1.4.5.3 Effet des particules

De nombreuses études épidémiologiques mettent en évidence l’effet inflammatoire des particules sur les poumons. Des volontaires ont été exposés pendant 2h à des particules d’échappement diesel (200 µg/m3), une réponse inflammatoire des voies aériennes a été observée (Hervé-Bazin, 2007). De même, 15 individus sains ont été exposés pendant 1 h à des particules diesels (300 µg/m3) pendant un exercice modéré. Une réponse systémique inflammatoire a été mise en évidence par l’augmentation significative en neutrophiles, mastocytes, lymphocytes T (Salvi et al., 1999).

Des études in vitro ont révélé un effet pro-inflammatoire des PM2,5 sur les cellules épithéliales en culture ainsi que sur des macrophages.

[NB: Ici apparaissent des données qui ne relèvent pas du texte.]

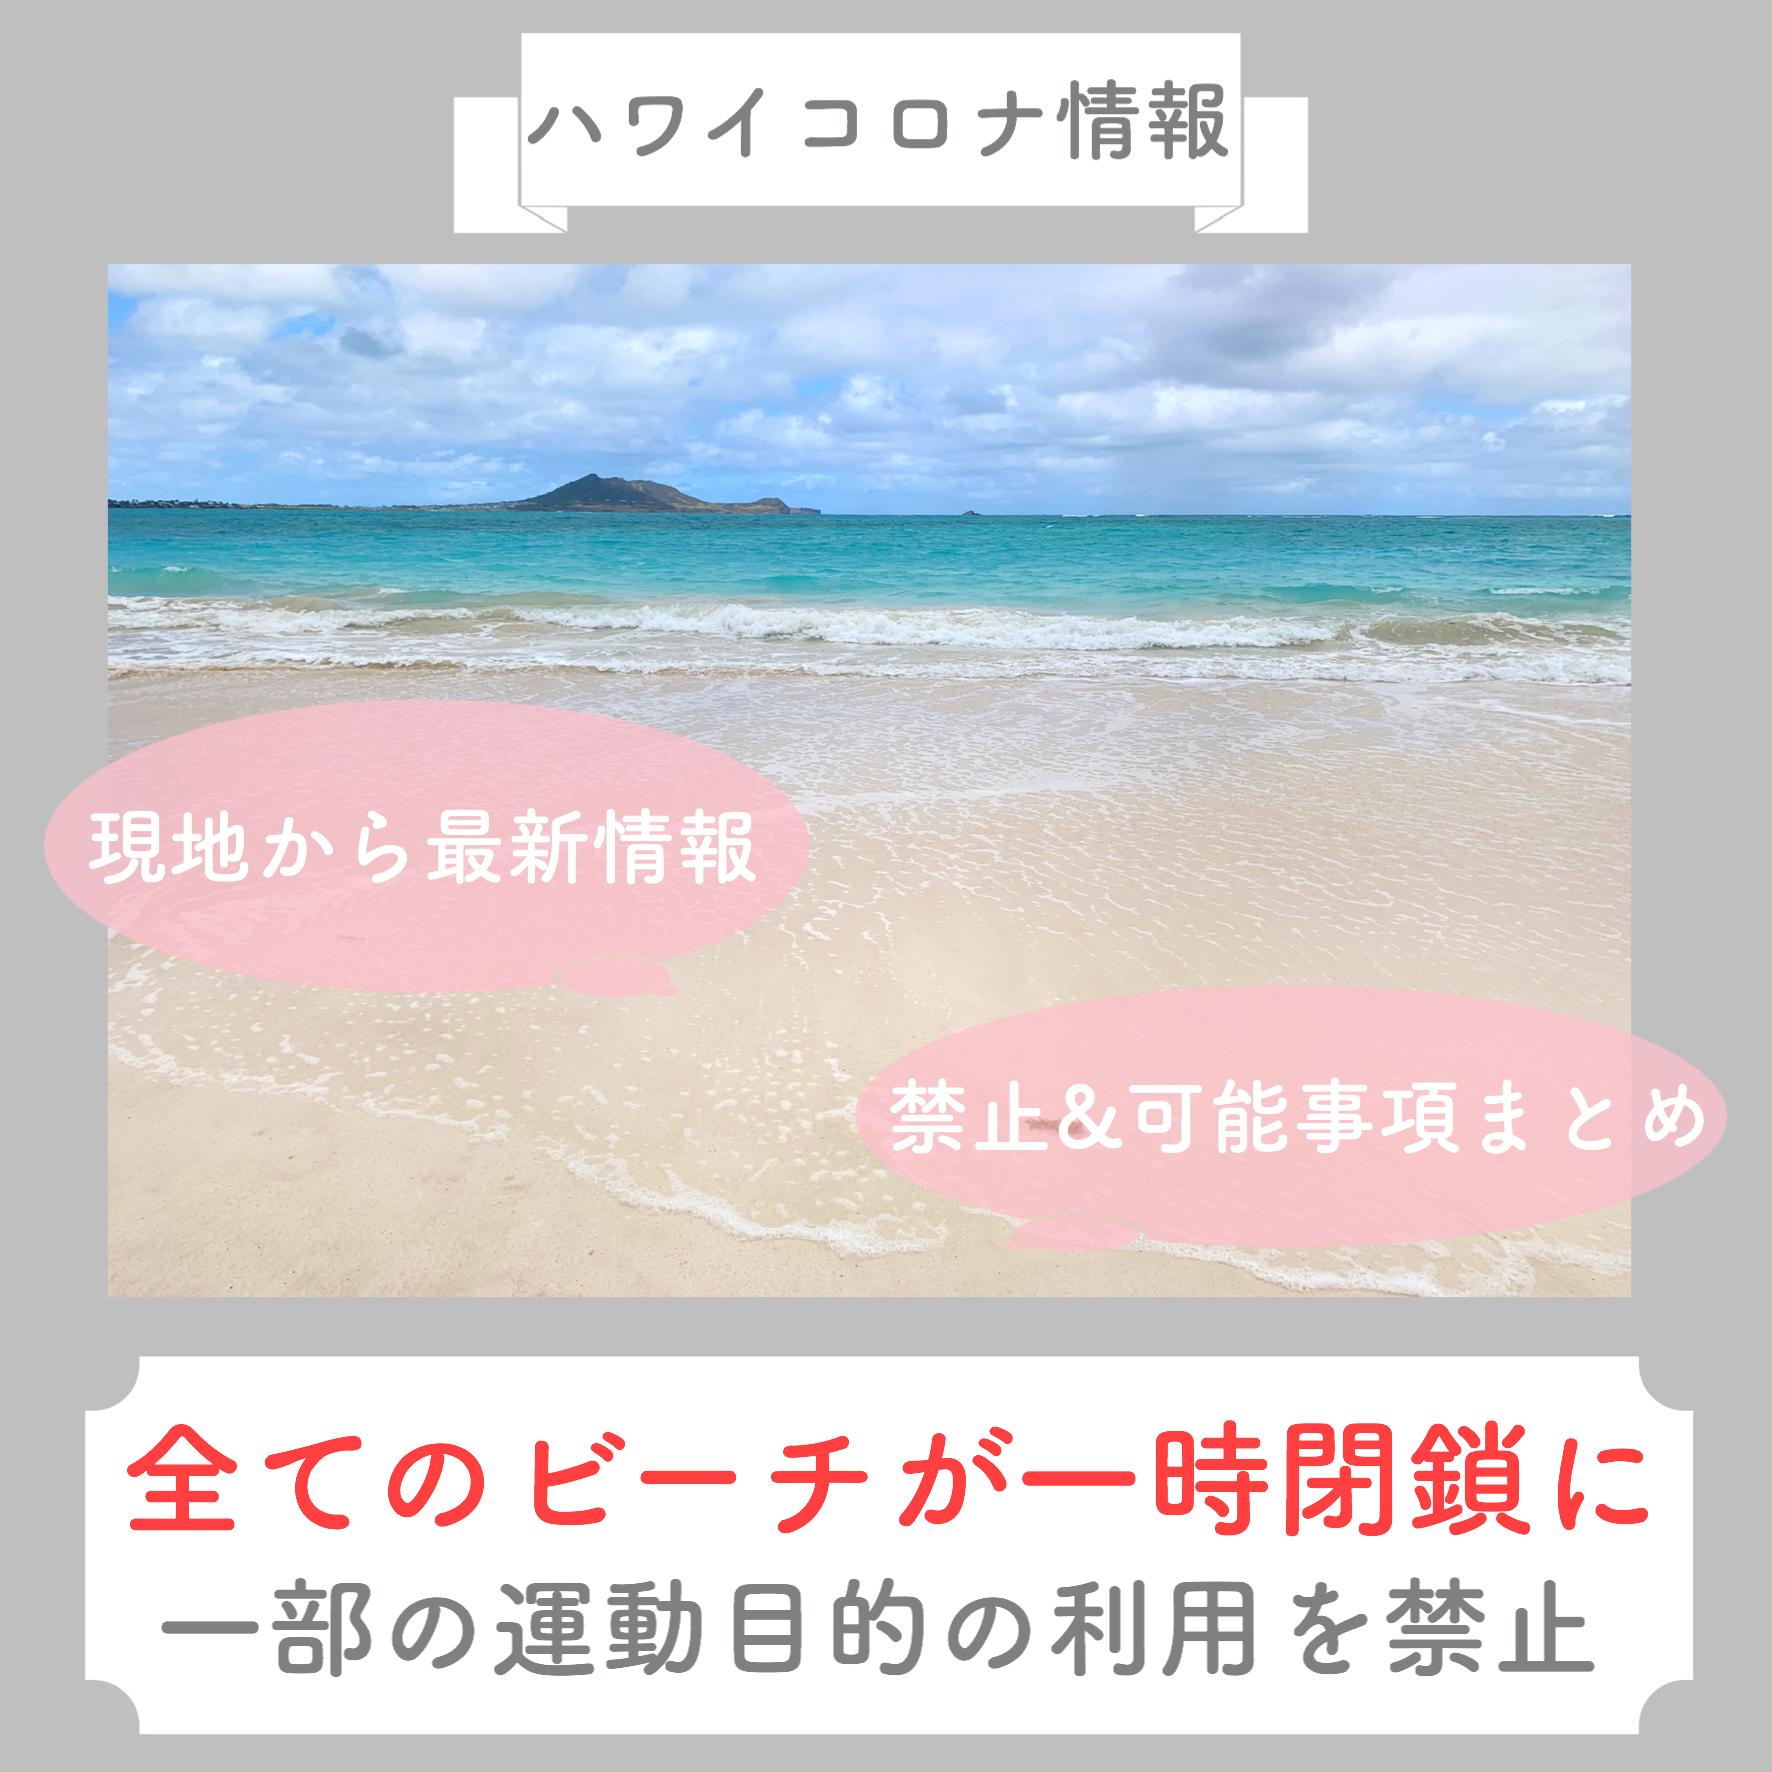 【ハワイコロナ情報】全てのビーチが一時閉鎖に 一部の運動目的の利用を禁止

En effet lors d’exposition pendant 24h à des PM2,5 (à des concentrations variant de 18,84 à 75,36 µg/mL), des cellules humaines L132 ont sécrété des quantités de TNF-α supérieures aux cellules témoins (Garçon et al., 2006).

De même des expositions de PM2,5 (5 et 50 µg/mL ) sur des cellules primaires de macrophages alvéolaires humains, ont révélé une augmentation significative des sécrétions des cytokines pro-inflammatoire IL-8, IL-6 et TNF- α (van Eeden et al., 2001).

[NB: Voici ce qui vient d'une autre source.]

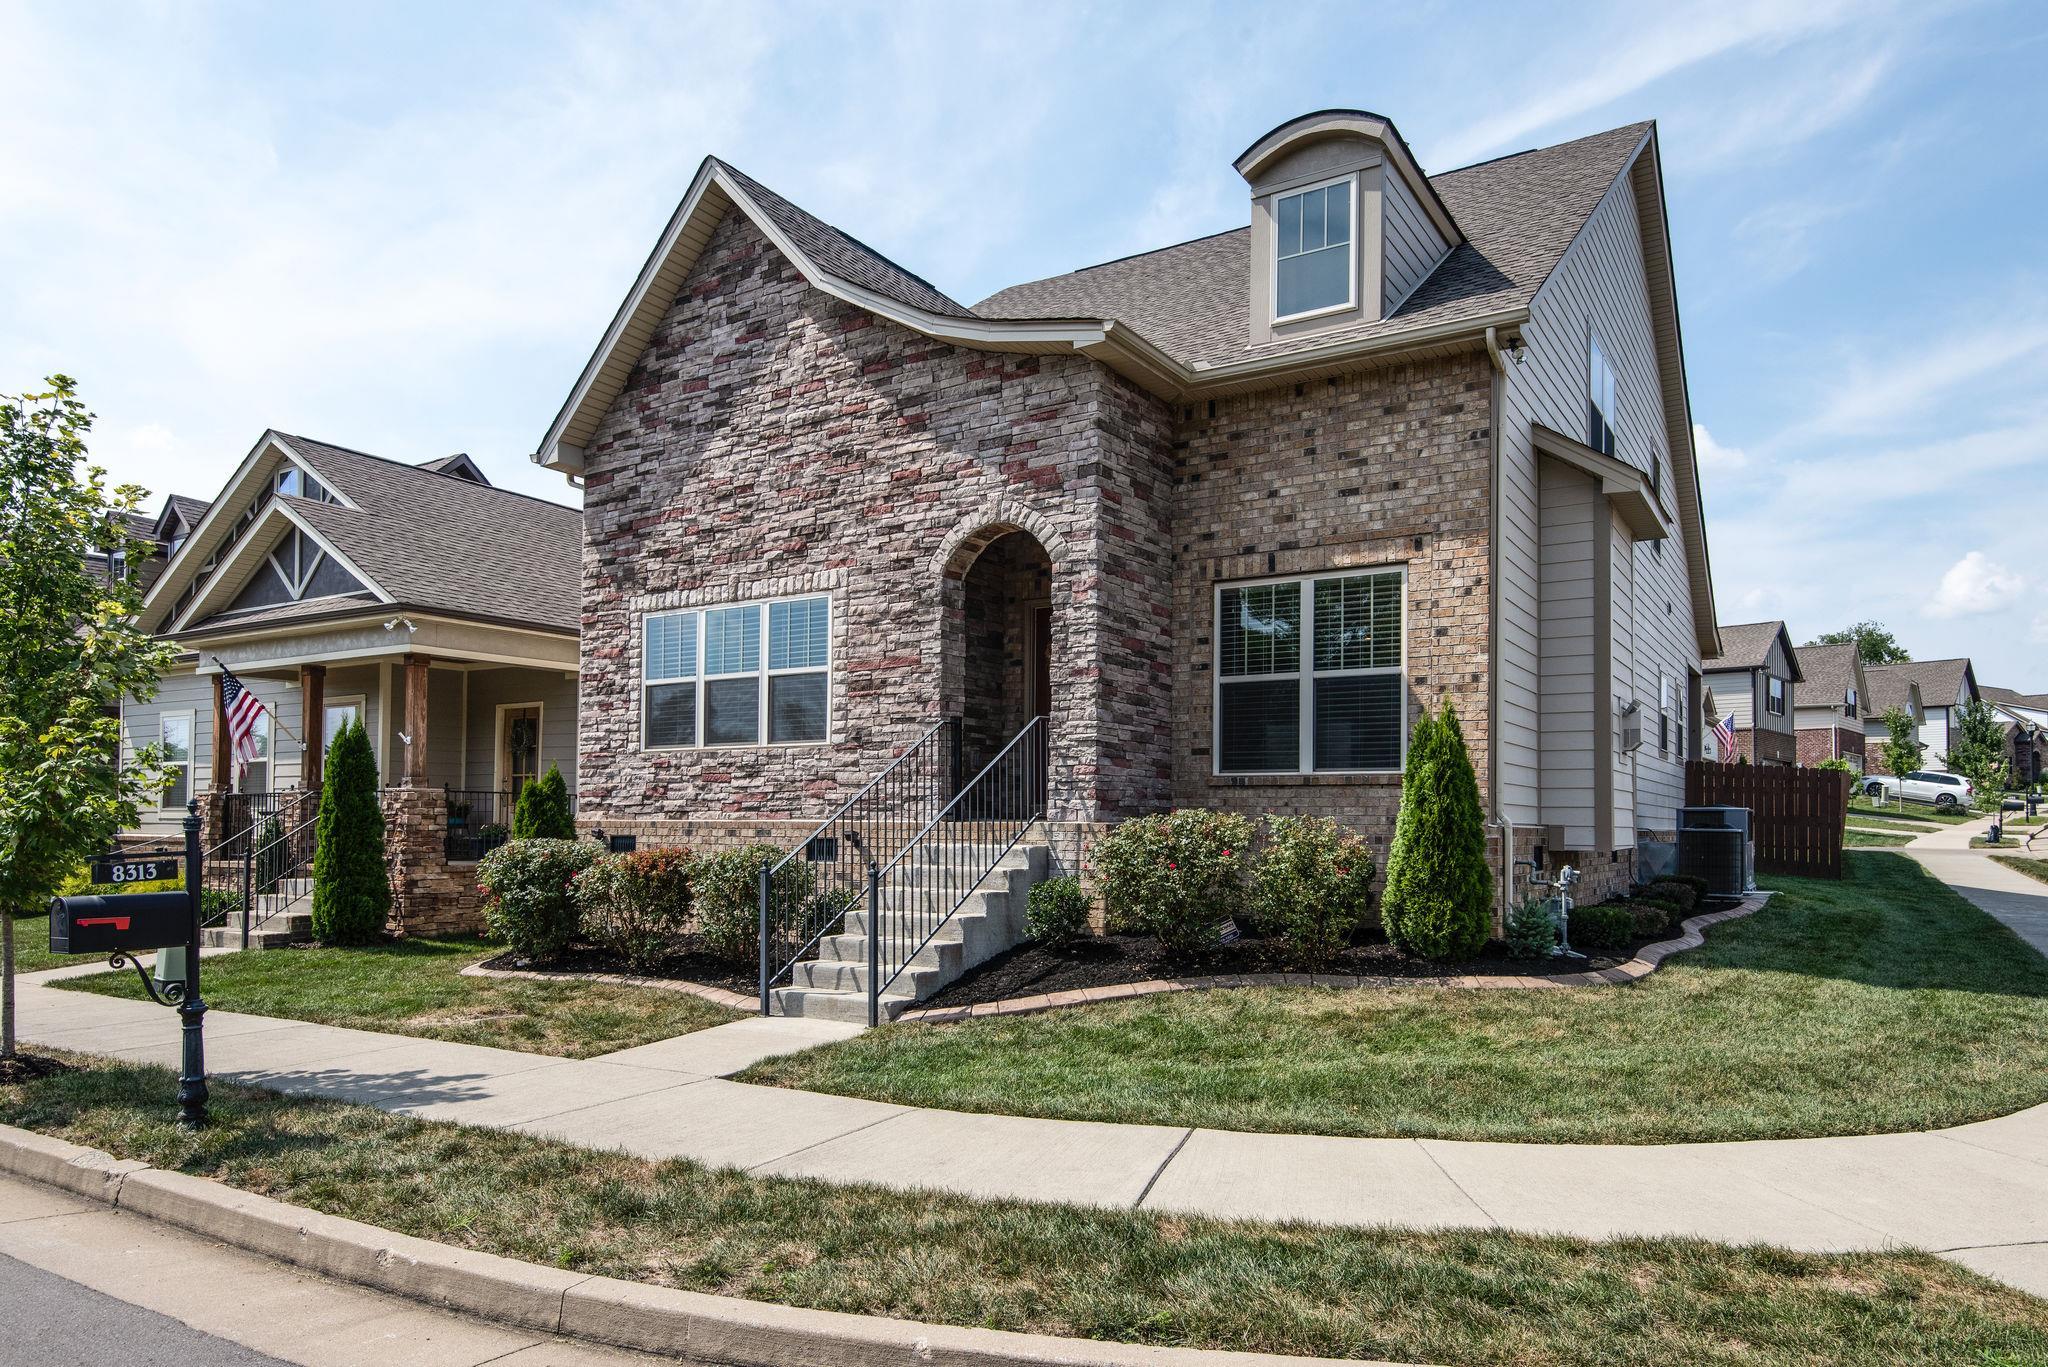 8313 Middlewick Ln, Nolensville, TN 37135 - Nolensville, TN real estate listing

Les effets biologiques observés suite à une exposition particulaire sont dictés par les caractéristiques physiques et chimiques de la particule. Ainsi le facteur physique le plus critique, outre la taille des particules, est la surface spécifique de ces dernières. En effet plus la surface est élevée, plus il y aura de sites de réactions avec le milieu environnant. Des études montrent ainsi une augmentation des effets inflammatoires des particules avec l’augmentation de la surface spécifique ou la diminution du diamètre (Lison et al., 1997 ;

1.4.5.4 Effet des HAP

Plusieurs études démontrent le rôle des espèces chimiques, notamment des hydrocarbures aromatiques polycycliques, associés à la surface des particules, sur les effets inflammatoires.

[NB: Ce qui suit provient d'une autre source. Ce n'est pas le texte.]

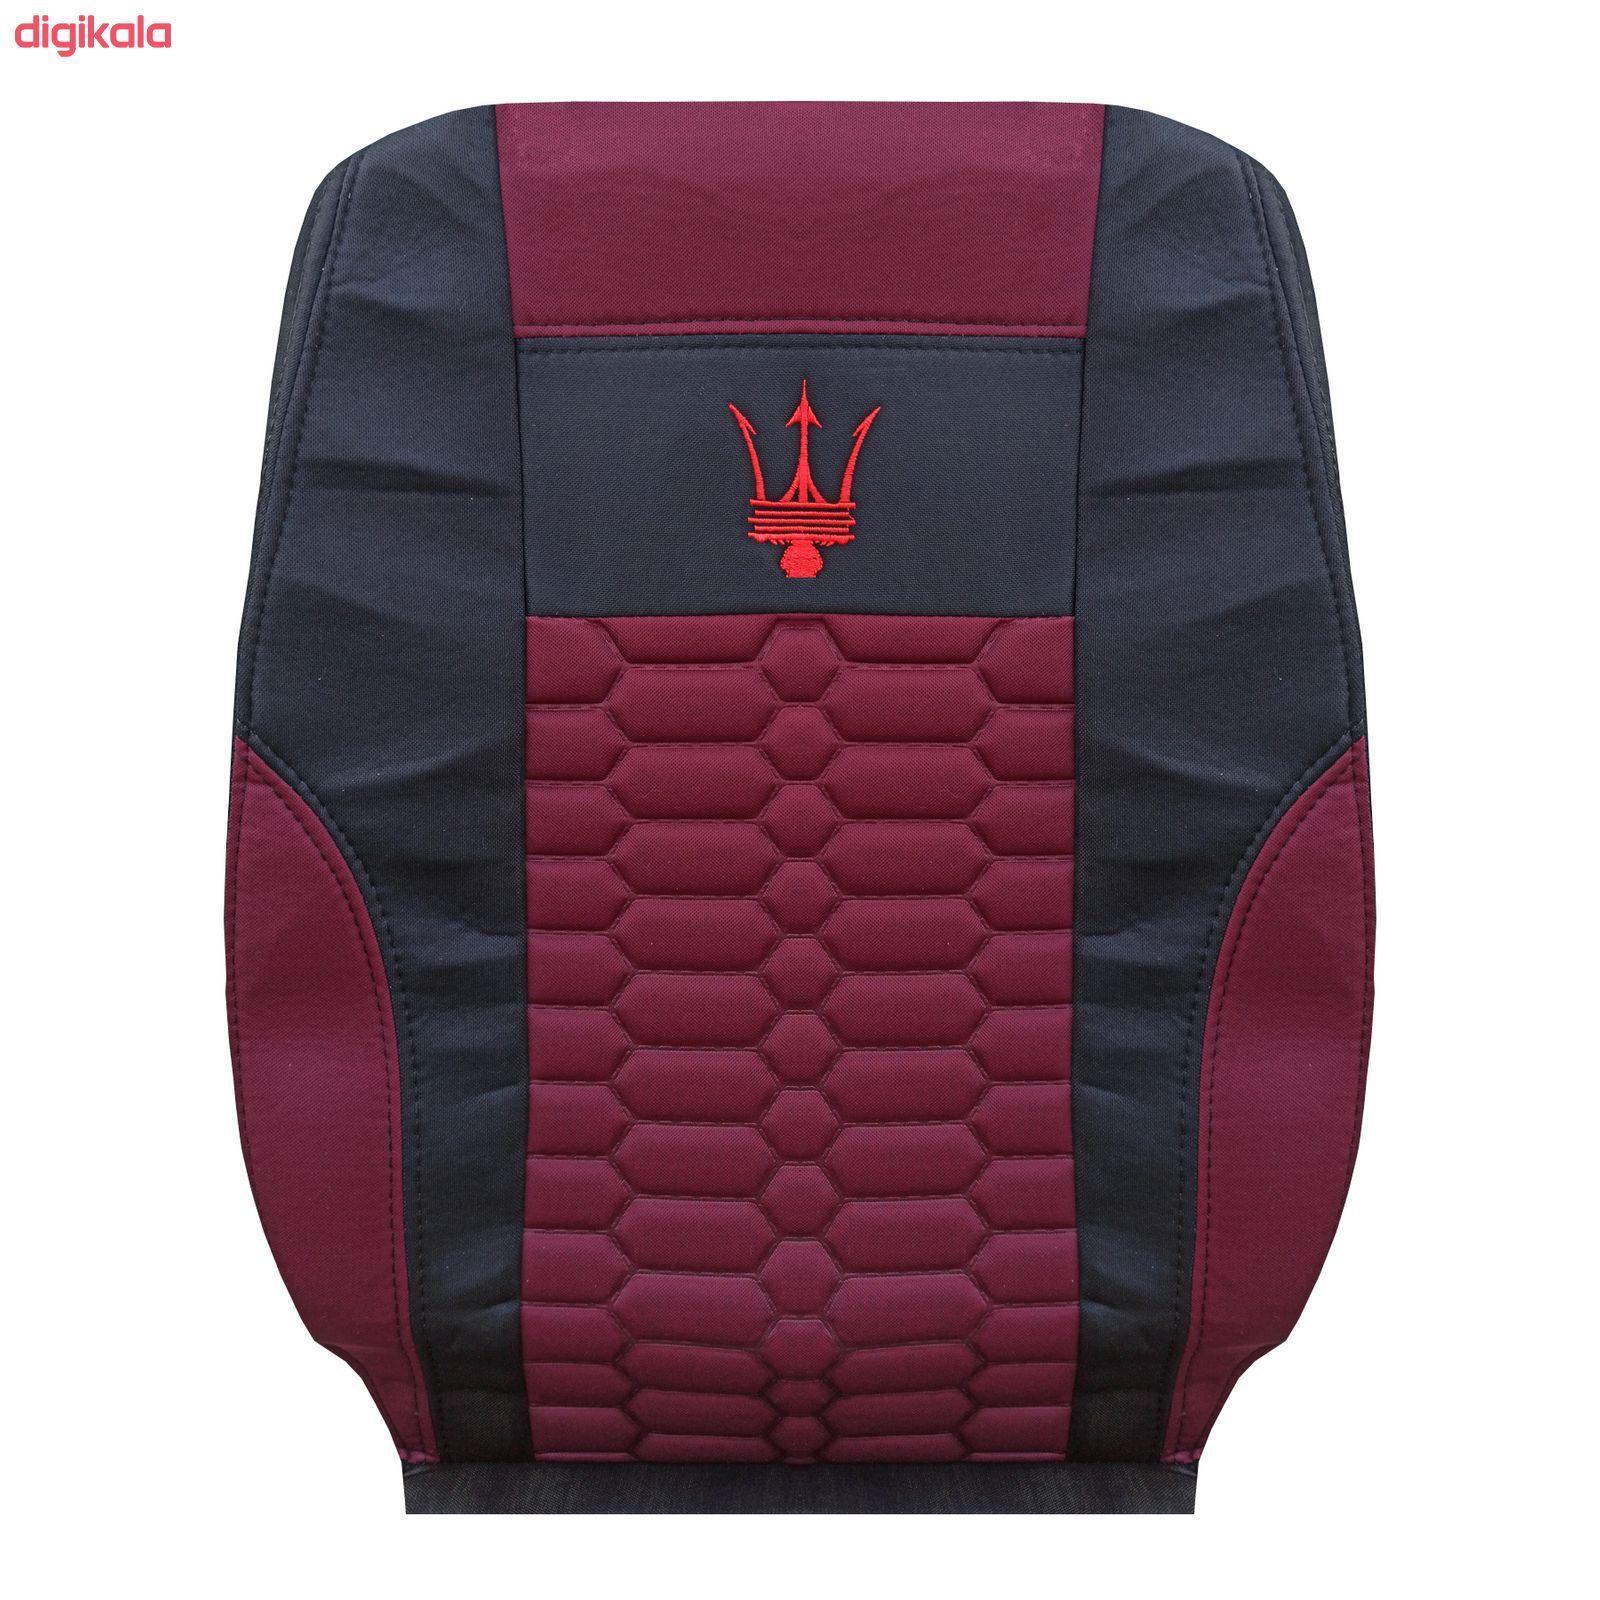 روکش صندلی خودرو مدل SAR003 مناسب برای پراید 131 main 1 3

Une étude de Fahy et al. (2000) montre une augmentation de la production d’IL-8, suite à la stimulation de cellules mononuclées du sang périphérique par des HAP associés à des particules d’échappement diesel. De même de Bonvallot et al. (2001) observent une réponse inflammatoire accrue des particules d’échappement diesel en contact avec des cellules épithéliales du tractus respiratoire, lorsque ces particules sont recouvertes de HAP par rapport à des particules diesels propres.

Goulaouic (2009) observent néanmoins une réponse inflammatoire diminuée lorsque des HAP sont adsorbés en surface de black carbon comparée à des HAP seuls. En effet les HAP adsorbés à la surface de particules ne sont pas directement toxiques : une désorption est nécessaire. Leur biodisponibilité dépend alors du niveau de solubilisation de ces derniers dans le milieu biologique.

Koike et al. (2014) suggèrent une cytotoxicité des HAP relative à leur structure (nombre de cycles benzéniques et de groupes fonctionnels). Ainsi le naphtalène et le phénanthrène n’ont pas présenté de cytotoxicité par rapport à des cellules épithéliales bronchiques (BEAS-2B). Par contre, leurs dérivés oxygénés (naphtoquinone, phénanthrènequinone) et le pyrène ont engendré une augmentation de la production d’IL-6, cytokine pro-inflammatoire.

Les HAP sont par ailleurs impliqués dans l’exacerbation des réactions inflammatoires allergiques. Des études montrent notamment que la stimulation de cellules mononuclées du sang périphérique par des HAP présents à la surface de particules d’échappement diesel favorisent le recrutement de cellules Th2 associées à des réactions allergiques (Fahy et al., 2002) (Sénéchal et al., 2003). Le benzo[a]pyrène a été notamment montré comme ayant un effet adjuvant sur la réponse immune en réponse à un stimulus allergénique, in vitro et in vivo. Ainsi dans un modèle d’asthme allergique, le BAP augmente la production de cytokines Th2, témoins de l’inflammation pulmonaire allergique (Kadkhoda et al., 2005). L’anthracène, quant à lui, induit un effet adjuvant sur la réponse humorale spécifique d’allergène, augmentant en particulier la synthèse d’IgE spécifiques de l’allergène, et ceci dans des modèles in vivo de sensibilisation allergique (Heo et al., 2001). Le phénantrènequinone a également été impliqué dans la réaction inflammatoire allergique, avec un effet favorisant

l’infiltrat de cellules inflammatoires au niveau pulmonaire et la réponse humorale allergène spécifique (Hiyoshi et al., 2005).